Aim of the task.
Return exactly the lines of the data below, from the one that contains "Nike shoes LeBron - White 5" through the final line, and leave out every picture.

Data section.
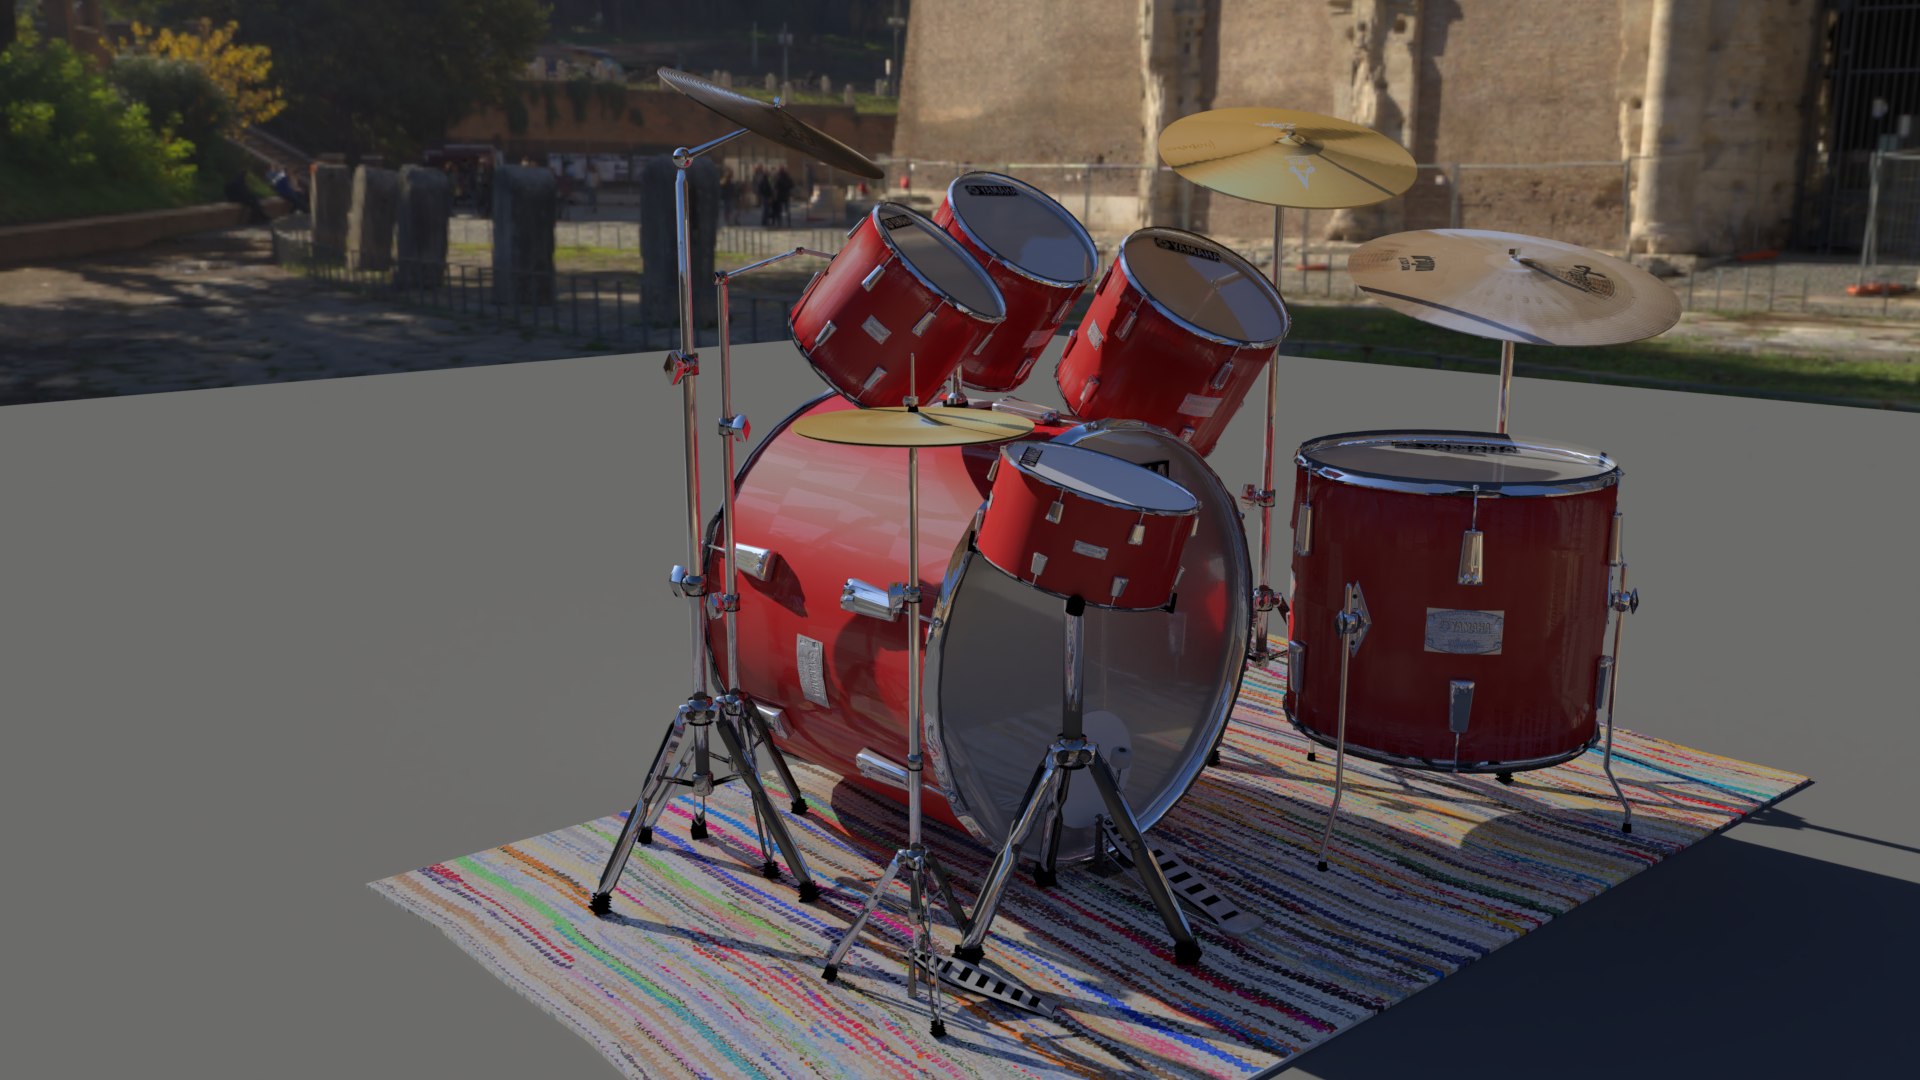 Drum Kit Yamaha preview image 1
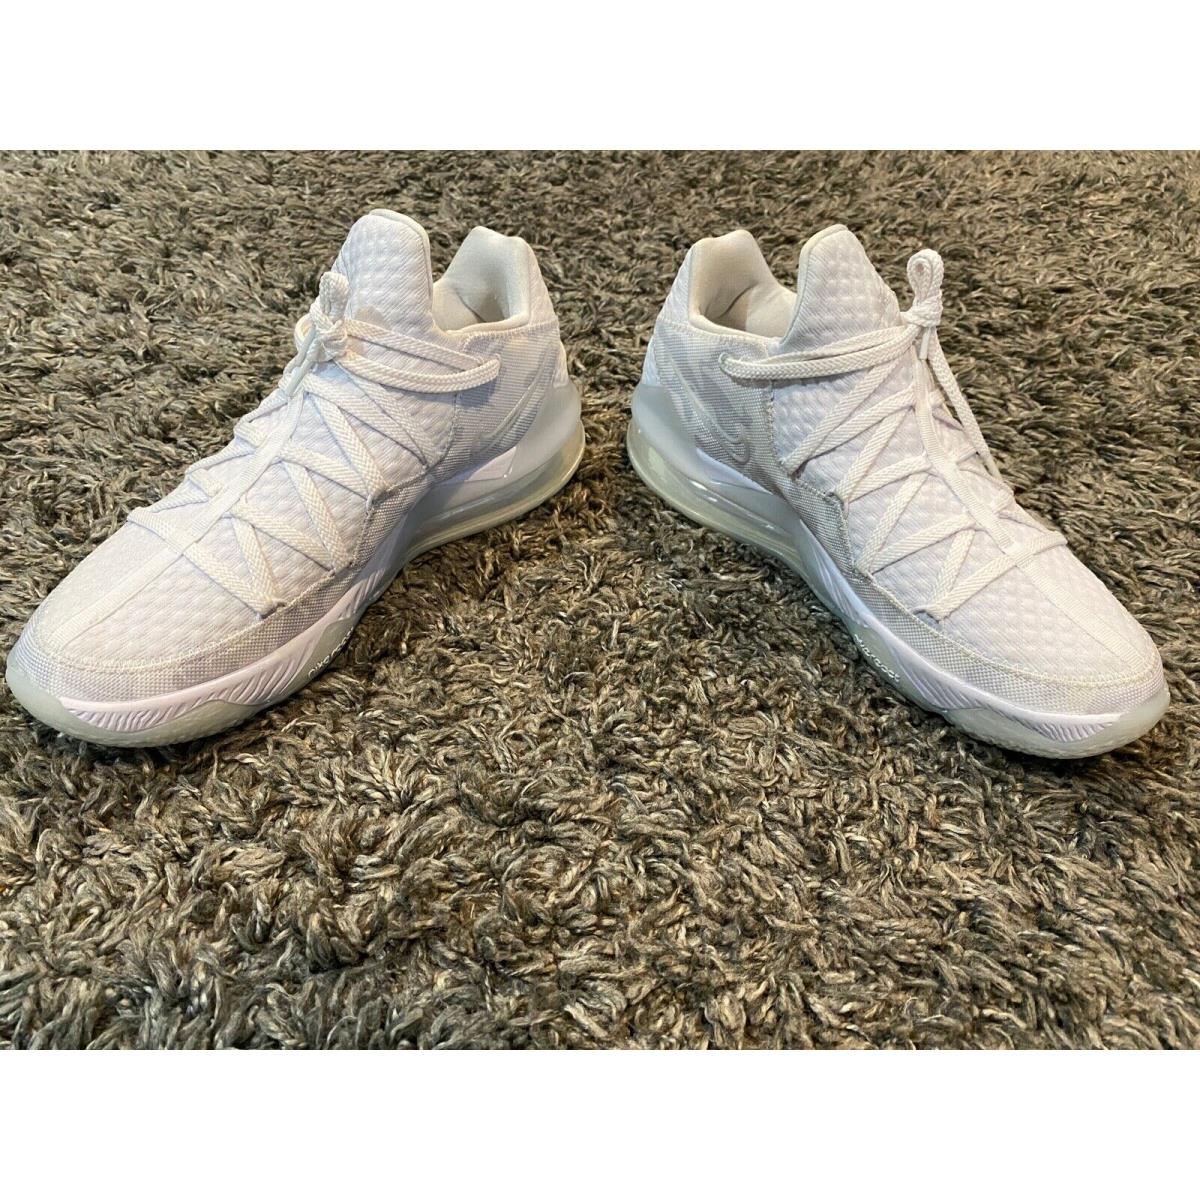 Nike shoes LeBron - White 5
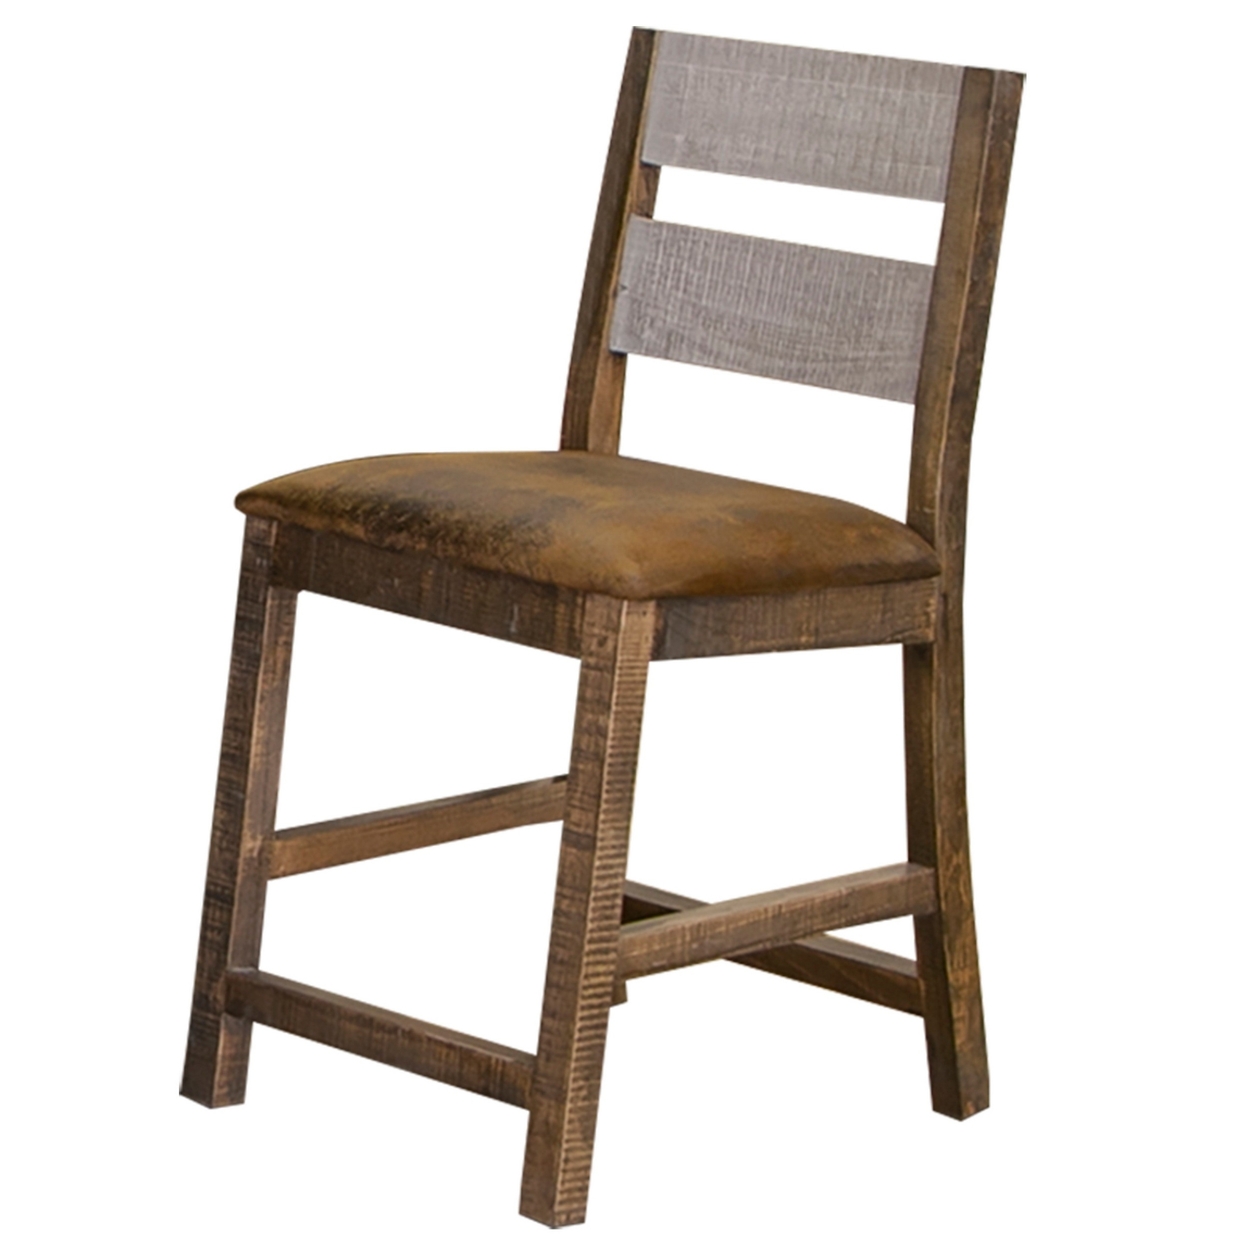 Pino 25 Inch Counter Height Chair, Set Of 2, Panel Back, Gray And Brown- Saltoro Sherpi
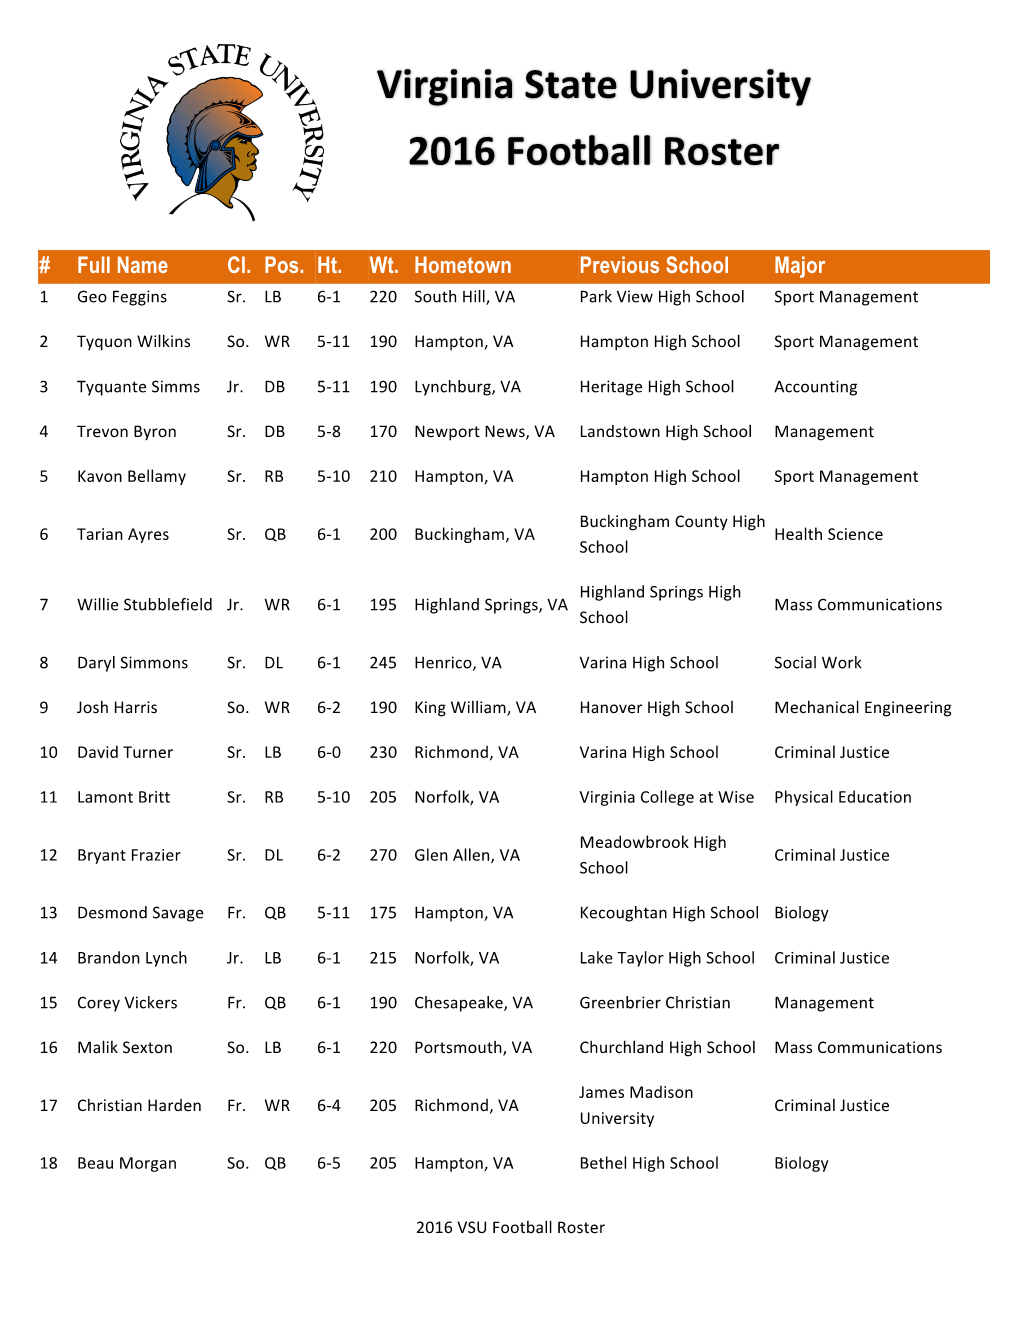 Virginia State University 2016 Football Roster

Answer to the exercise.
 Nike shoes LeBron - White 5
 Pino 25 Inch Counter Height Chair, Set Of 2, Panel Back, Gray And Brown- Saltoro Sherpi
 Virginia State University 2016 Football Roster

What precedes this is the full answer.